Xet Storage is enabled for this repo, but the 'hf_xet' package is not installed. Falling back to regular HTTP download. For better performance, install the package with: `pip install huggingface_hub[hf_xet]` or `pip install hf_xet`


model.safetensors:   0%|          | 0.00/90.9M [00:00<?, ?B/s]

tokenizer_config.json:   0%|          | 0.00/350 [00:00<?, ?B/s]

vocab.txt:   0%|          | 0.00/232k [00:00<?, ?B/s]

tokenizer.json:   0%|          | 0.00/466k [00:00<?, ?B/s]

special_tokens_map.json:   0%|          | 0.00/112 [00:00<?, ?B/s]

config.json:   0%|          | 0.00/190 [00:00<?, ?B/s]

### Compute the sentence embeddings
For the 'User' column of the dataset, compute the sentence embeddings using the sentence transformer model.

In [19]:
user_dialogues = data['User'].tolist()
user_embeddings = model.encode(user_dialogues)

### Retrieve the agent response
In the get_response() function, utilize the user_embeddings to retrieve the most similar instance from the data point using cosine similarity. For the selected data point, return the corresponding response in the 'Agent' column of the data as the agent's reponse.

In [20]:
def get_response(user_input, data, model, user_embeddings):
    # Convert the input of the user to its sentence embedding
    input_embedding = model.encode(user_input)

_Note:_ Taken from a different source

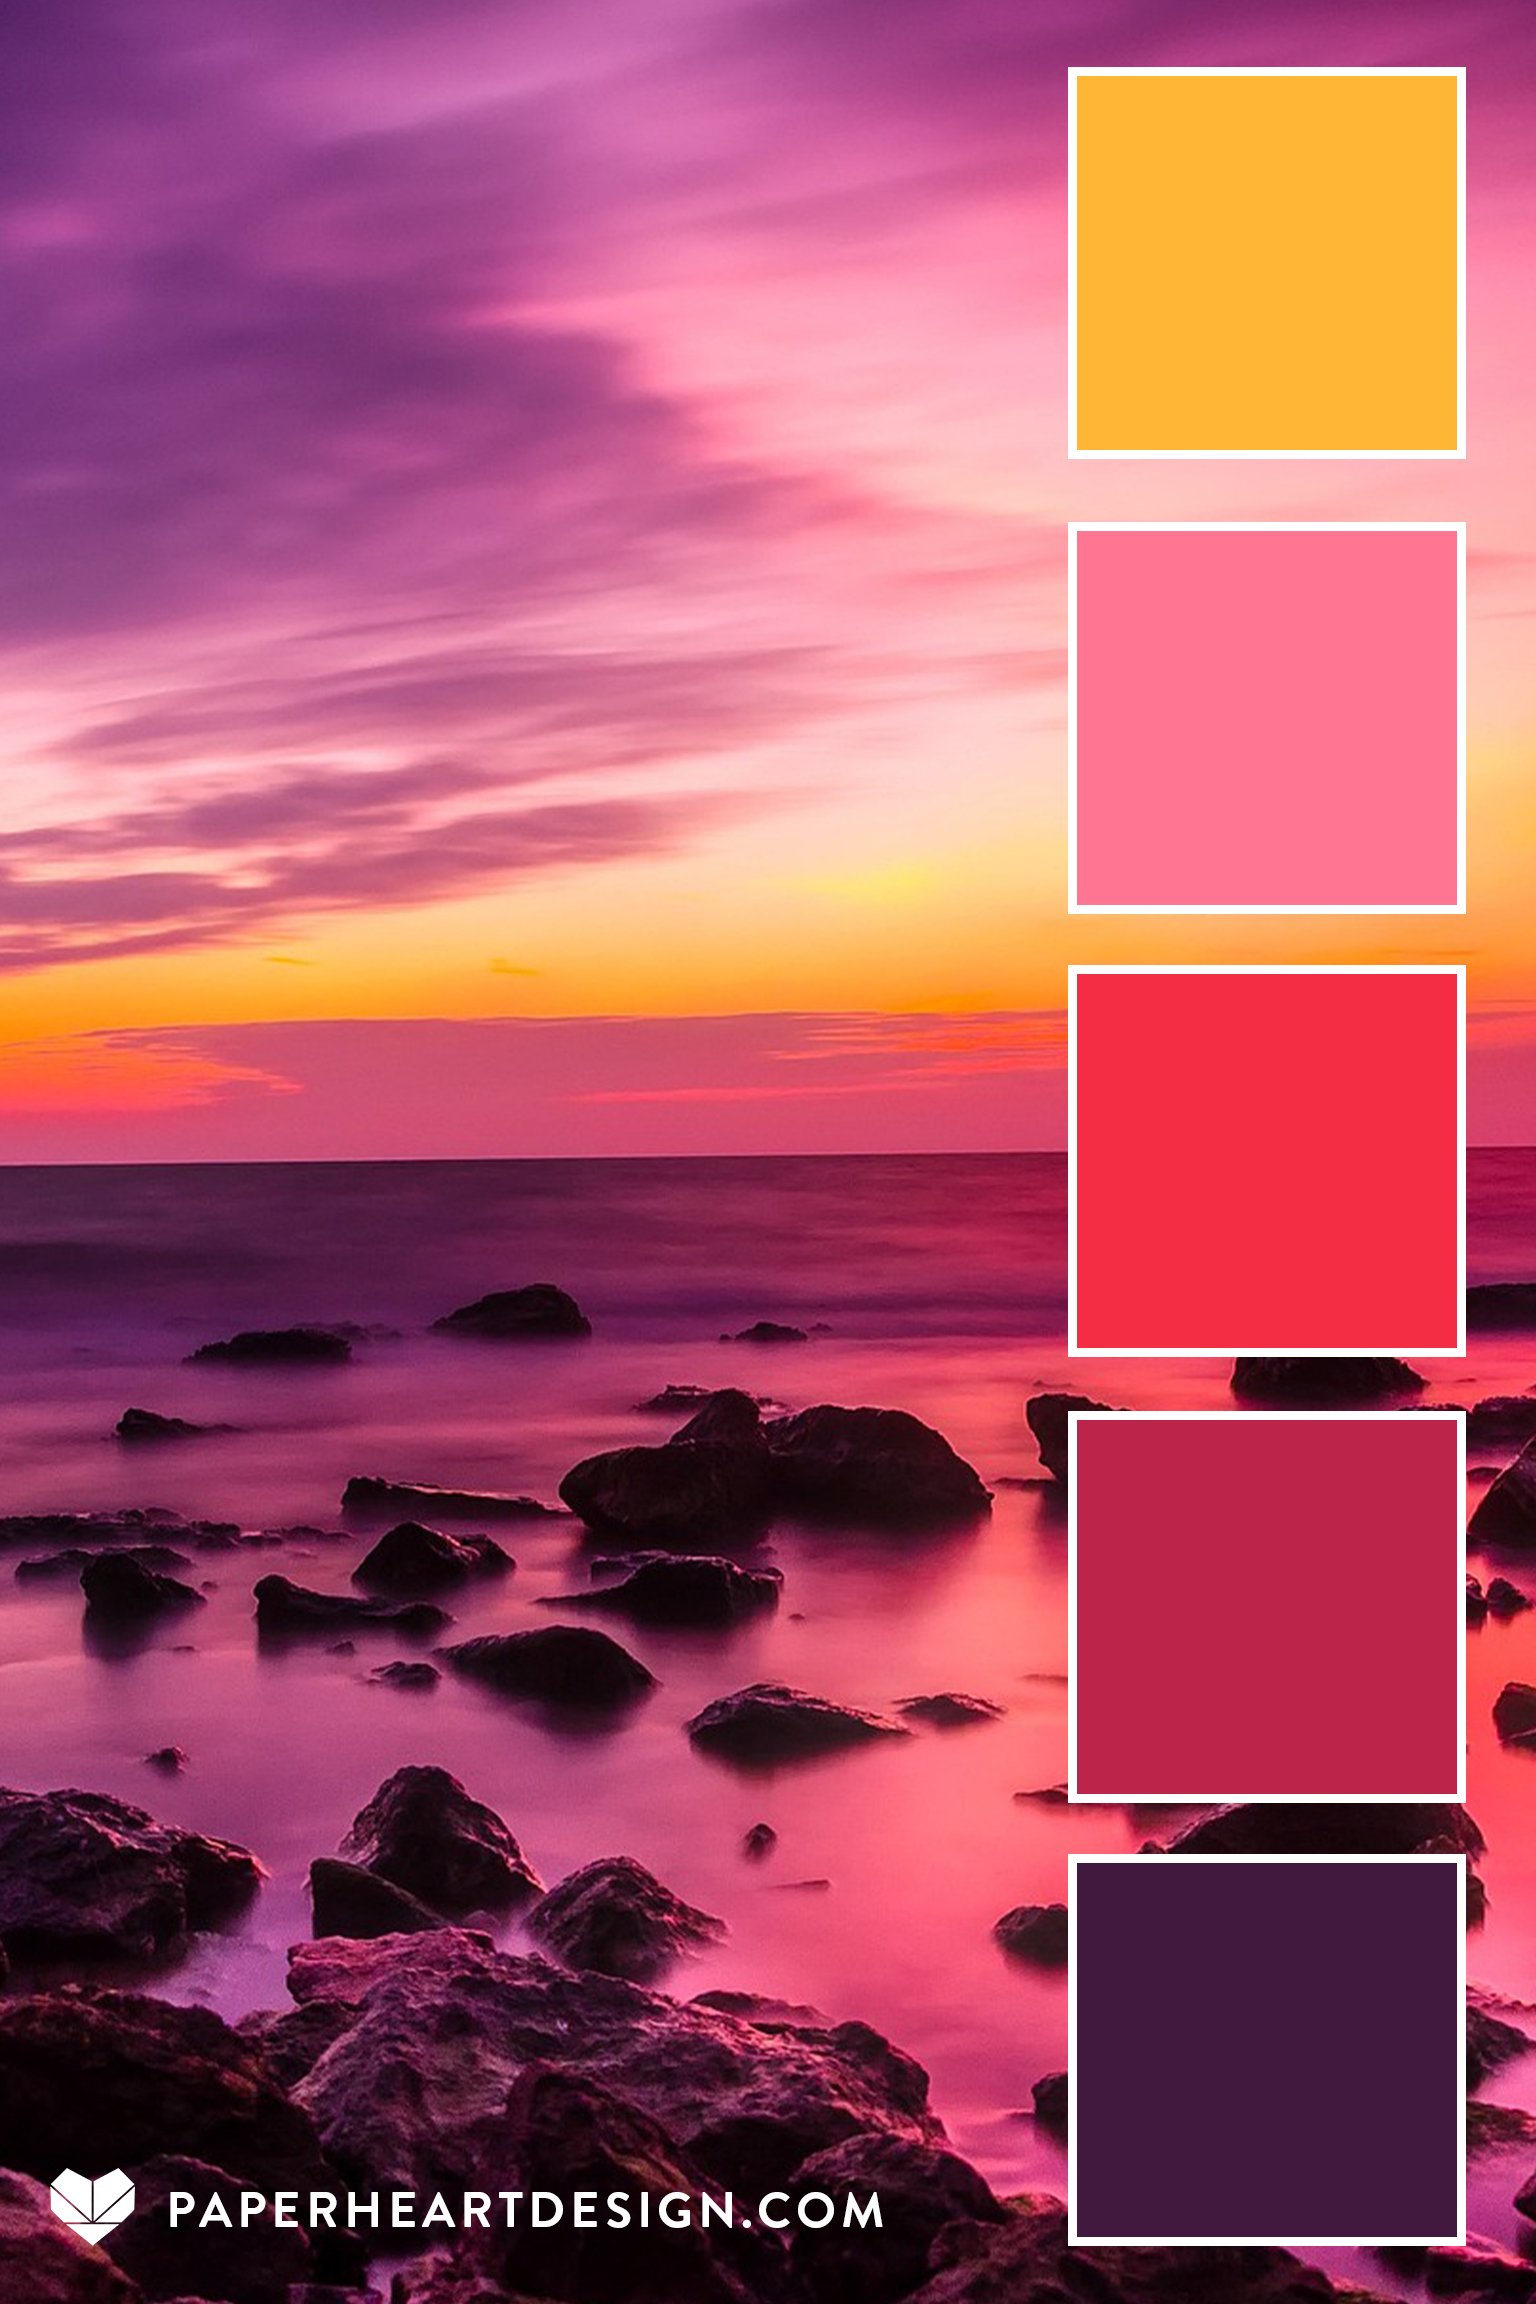 The 2023 Color of the Year is Viva Magenta! - Goodnet

    # Compute cosine similarities
    cosine_scores = util.pytorch_cos_sim(input_embedding, user_embeddings)

    # Find the index of the highest cosine similarity using np.argmax.
    best_match_idx = np.argmax(cosine_scores.numpy())

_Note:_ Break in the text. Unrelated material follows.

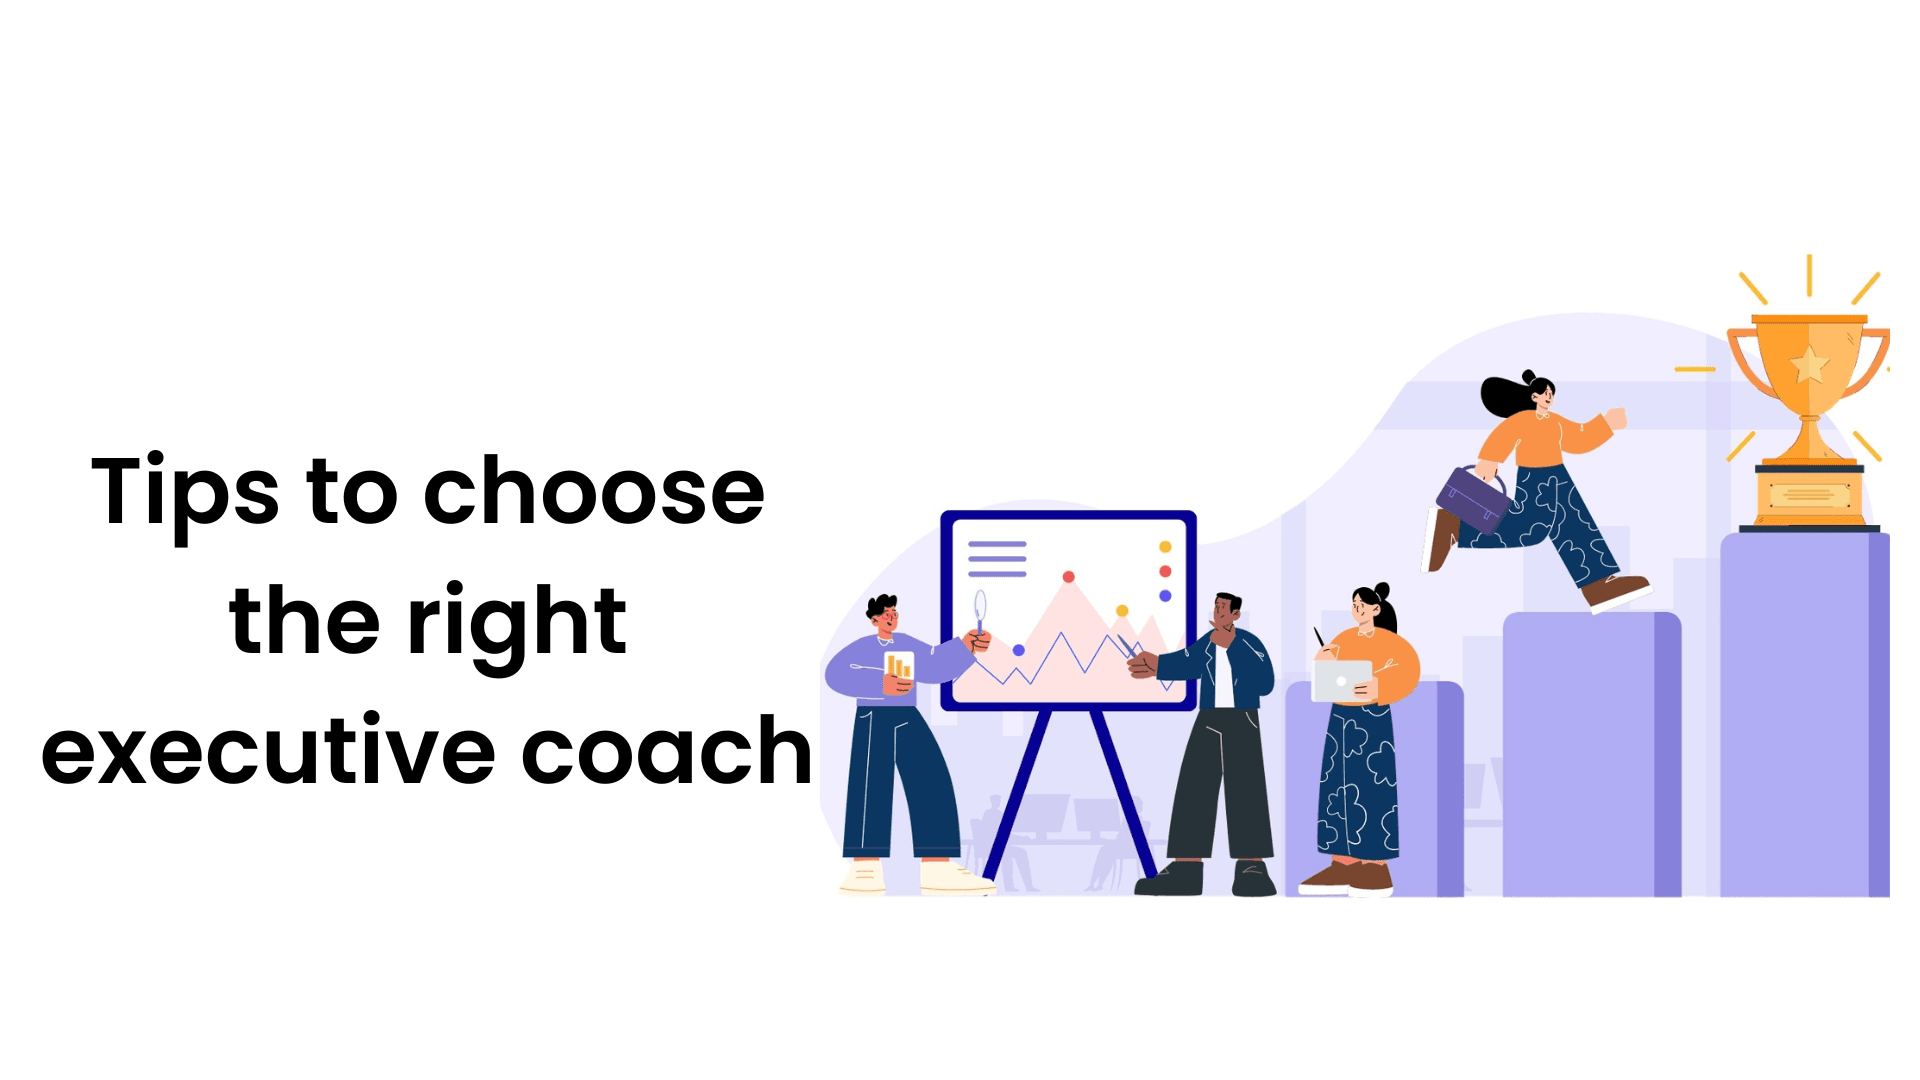 Getting the right coach is important

    # Return the corresponding string for the 'Agent' column
    return data['Agent'][best_match_idx]


In [21]:
user_input = "How are you"
print(get_response(user_input, data, model, user_embeddings))

fine you?


### Define and open the file to save chat history

In [27]:
### Define and open the file to save chat history
from datetime import datetime

# Get the current date and time
now = datetime.now()

# Format the date and time to create the file name
file_name = f"CORPUS_CHAT_{now.strftime('%Y_%m_%d_%H_%M_%S')}.txt"
f = open(file_name, "w")

### Define a chat loop
In this part, you need to define a loop that asks for user input and prints the user response till the user wants to end the chat. Utilize the same regex expression as before to identify when the user wants to end the chat.

In [28]:
print("Hi - what would you like to talk about today?")
while True:
    user_input = input()
    if is_end(user_input):
        # Output the goodbye message, write the last inputs and outputs to the log and close the file
        goodbye_message = "Goodbye! Thank you for talking to Chat Corpus Bot."
        print(goodbye_message)
        f.write(user_input + "\n") # Log the user's last input
        f.write(goodbye_message) # Log the agent's goodbye message
        f.close()
        break
    response = get_response(user_input, data, model, user_embeddings)
    print("CORPUS AGENT: ", response)
    f.write("USER: " + user_input + "\n") # Log the user's input
    f.write("CORPUS AGENT: " + response + "\n") # Log the agent's response

Hi - what would you like to talk about today?
Can we talk about the weather
CORPUS AGENT:  I did have that, and I was right
what do you mean
CORPUS AGENT:  I was so worried about a little girl that was wandering around the neighborhood without her parents.
what happened to her
CORPUS AGENT:  She died in a car accident.
oh no how did that happen
CORPUS AGENT:  I don't know. But now I am upset because I wasn't able to make it to my favorite gym!
what about the girl?
CORPUS AGENT:  Ah ok, yeah my partner has had similar issues recently. I really hope it all works out for you!
you have a partner?
CORPUS AGENT:  yes I do. Do you?
i do yes
CORPUS AGENT:  Me too! I am very sad today, wanna guess why?
why?
CORPUS AGENT:  My grandmother just died.
oh no im so sorry
CORPUS AGENT:  yea i was quite mad
you were mad at her death?
CORPUS AGENT:  Not really, just a little scared. She was only like 7 at the time. I felt like the worst mother ever!
what your grandmother was 7?
CORPUS AGENT:  She is the

Congrats, you are done with part 2. You now need to simply test out your model for 5 chat conversations (minimum 10 utterances in each conversation) and report the results of the human survey.